Desde las primeras páginas del Génesis tropezamos, en el mismo huerto de Edén, con el pecado:
Como el pecado entró en el mundo por un hombre, y por el pecado la muerte, así la muerte pasó a todos los hombres, por cuanto todos pecaron
(Romanos 5:12).
La duda, y luego la trasgresión o desobediencia a la Palabra de Dios por parte de nuestros primeros padres, abrieron, por así decirlo, las compuertas del mundo para que el pecado hiciera irrupción en él, arrastrándonos a todos en la caída. Del pecado, o sea la vieja naturaleza que hemos heredado, surgen los frutos naturales del mismo: los pecados actuales. Hay, pues, dos clases de pecados, distinción capital que conviene no perder de vista en el estudio de las Escrituras: 1. El pecado primitivo u original, viniendo de Adán, alcanzó a todos los hombres (Romanos 5:12, 18). 2. El pecado actual que se comete. Ya vimos lo que es el primero, el segundo es el acto voluntario de seres responsables (1 Reyes 8:46).

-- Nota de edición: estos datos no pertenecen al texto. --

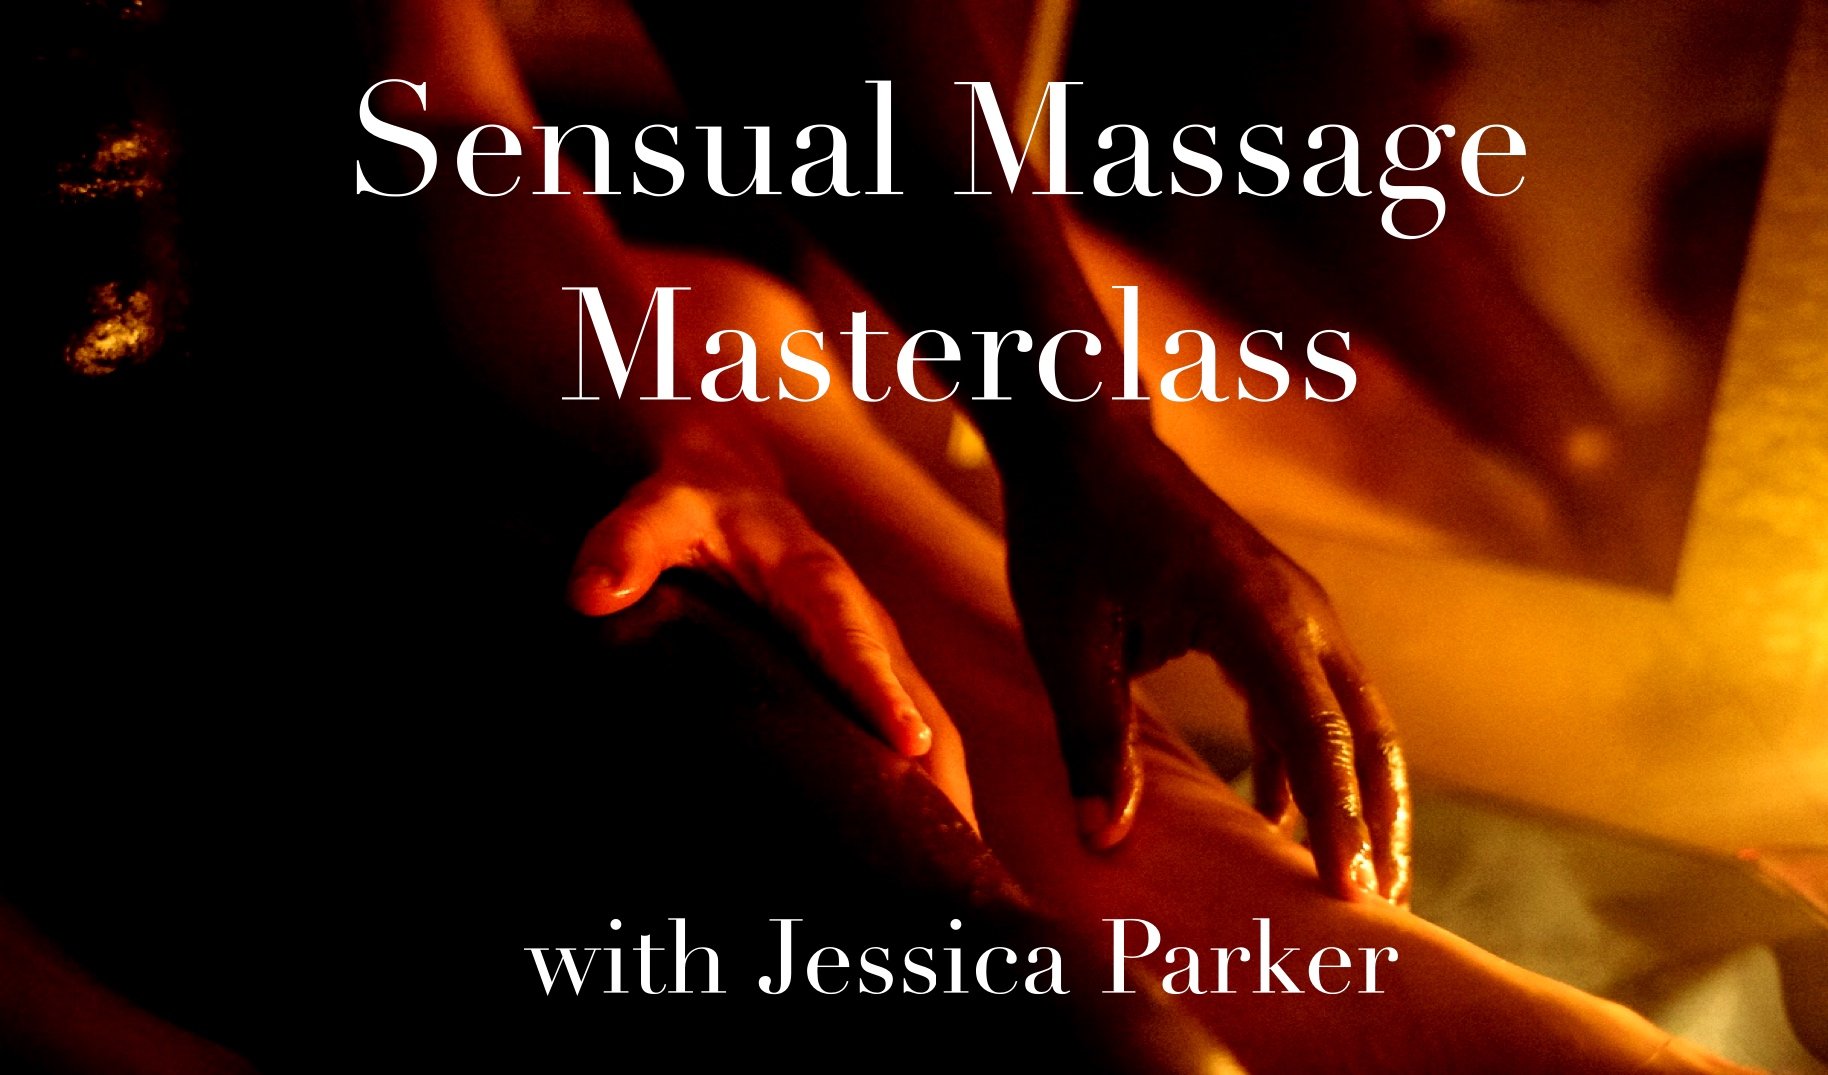 JessicaParker Therapist London

En el mundo que nos rodea, cuando alguien comete una falta social leve, cualquier tontería, a veces dice asustado: «¡Eso es pecado!», pero sigue transgrediendo la voluntad divina tranquilamente. Si consultamos el diccionario, entre las diferentes acepciones de esta voz aparece lo siguiente: «Pecado: … cierto juego de naipes». Sobra decir que en nuestro país falta un concepto claro y práctico de lo que es realmente el pecado –incluso entre muchos hijos de Dios–, y para obtenerlo es imprescindible acudir al manantial de toda verdad: la Palabra de Dios.

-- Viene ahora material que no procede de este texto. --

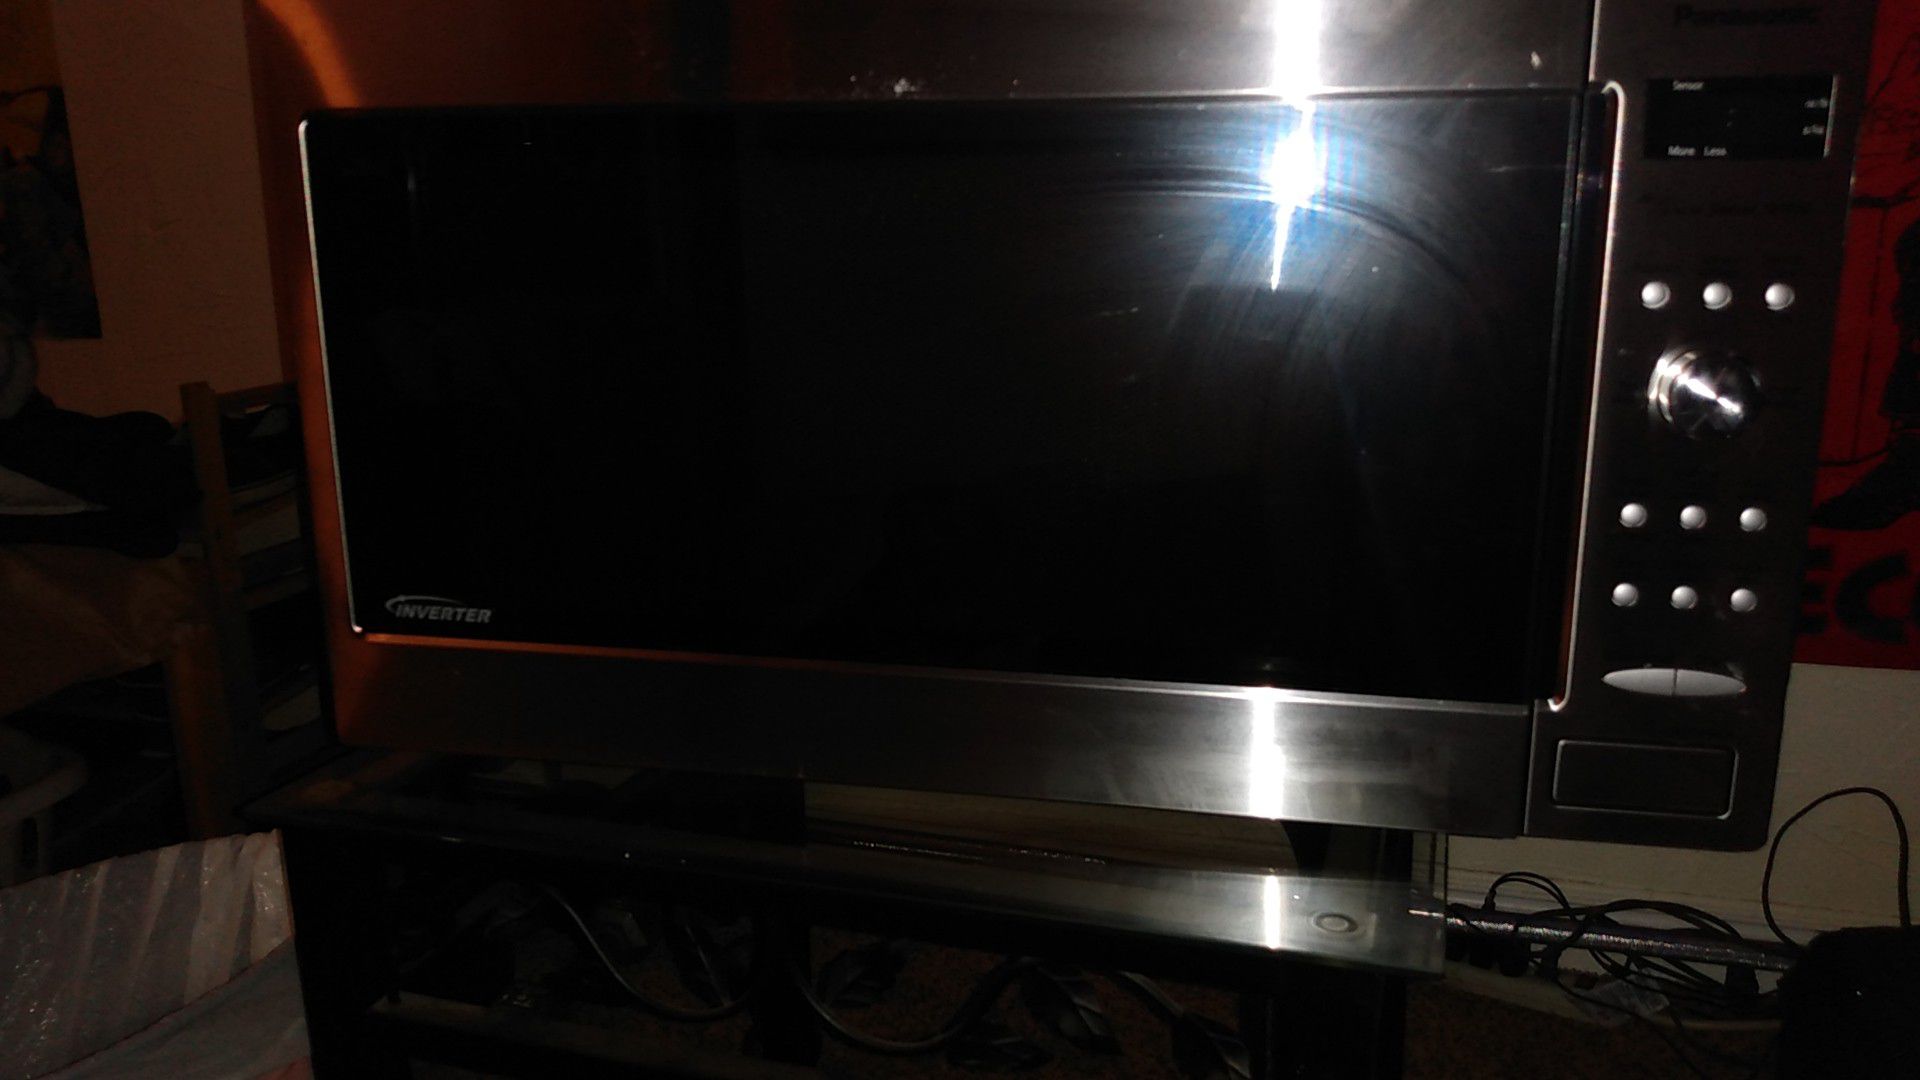 Stainless steel Panasonic inverter microwave

Es interesante notar que en el Nuevo Testamento la palabra “pecado” aparece unas 186 veces, de las cuales 48 se hallan en la epístola a los Romanos. En 1 Juan 4 vemos que el pecado es “trasgresión de la ley”. El caso de Saúl, en 1 Samuel 15:23, es una ilustración de ello.
En 1 Juan 1:9 el pecado es “toda maldad” (véase Judas 11, Balaam).
Santiago 4:17 lo define así: el “que sabe hacer lo bueno, y no lo hace, le es pecado”. Este fue, entre otros, el caso de Elí, pues no se opuso a la vileza de sus hijos (1 Samuel 3:13).
En Romanos 14:23 el apóstol Pablo nos presenta el pecado como resultado de “todo lo que no proviene de fe”, es decir, todo lo que es producto de nuestra propia voluntad, de nuestra desobediencia. Tiene, pues, estrecha relación con la “infracción de la ley” (1 Juan 3:4).
Por último, en el evangelio según Juan 16:9, tenemos una quinta definición: el pecado consiste en no creer –entregarse cuerpo, espíritu y alma– en Cristo. No creer en el Hijo de Dios es pecado.
Tanto en el Antiguo como en el Nuevo Testamento encontramos tres palabras adecuadas para dar una noción exacta del pecado:
1. La TRANSGRESIÓN (Parábasis), es decir, el acto de propasarse, de ir más allá de lo establecido; de allí que también significa violación de una cosa (por ejemplo: la ley, la voluntad de Dios), rebelión (véase Gálatas 3:19; Romanos 5:14; 1 Timoteo 2:14; Hebreos 2:2; 9:15).
2. El PECADO propiamente dicho (Amartía), es decir, el hecho de errar al blanco, de equivocarse de camino, o incluso de perderlo. Al errar la meta no se puede alcanzar la gloria de Dios (Romanos 3:23). Tal es el sentido que tiene en los siguientes pasajes: Mateo 1:21; 3:6; 12:31; Lucas 1:77; Romanos 5:12 y 20; 7:7; 2 Corintios 5:21; 1 Juan 1:7-10, etc.
3. La INIQUIDAD (Adikía), injusticia, culpabilidad; al apartarse del camino se cae en la perversidad y la depravación; véase, por ejemplo: Lucas 13:27; Hechos 1:18; Romanos 1:29; 3:5; 6:13; 2 Tesalonicenses 2:10; 2 Timoteo 2:19. (Rogamos encarecidamente que el lector no deje de cotejar y meditar estos pasajes).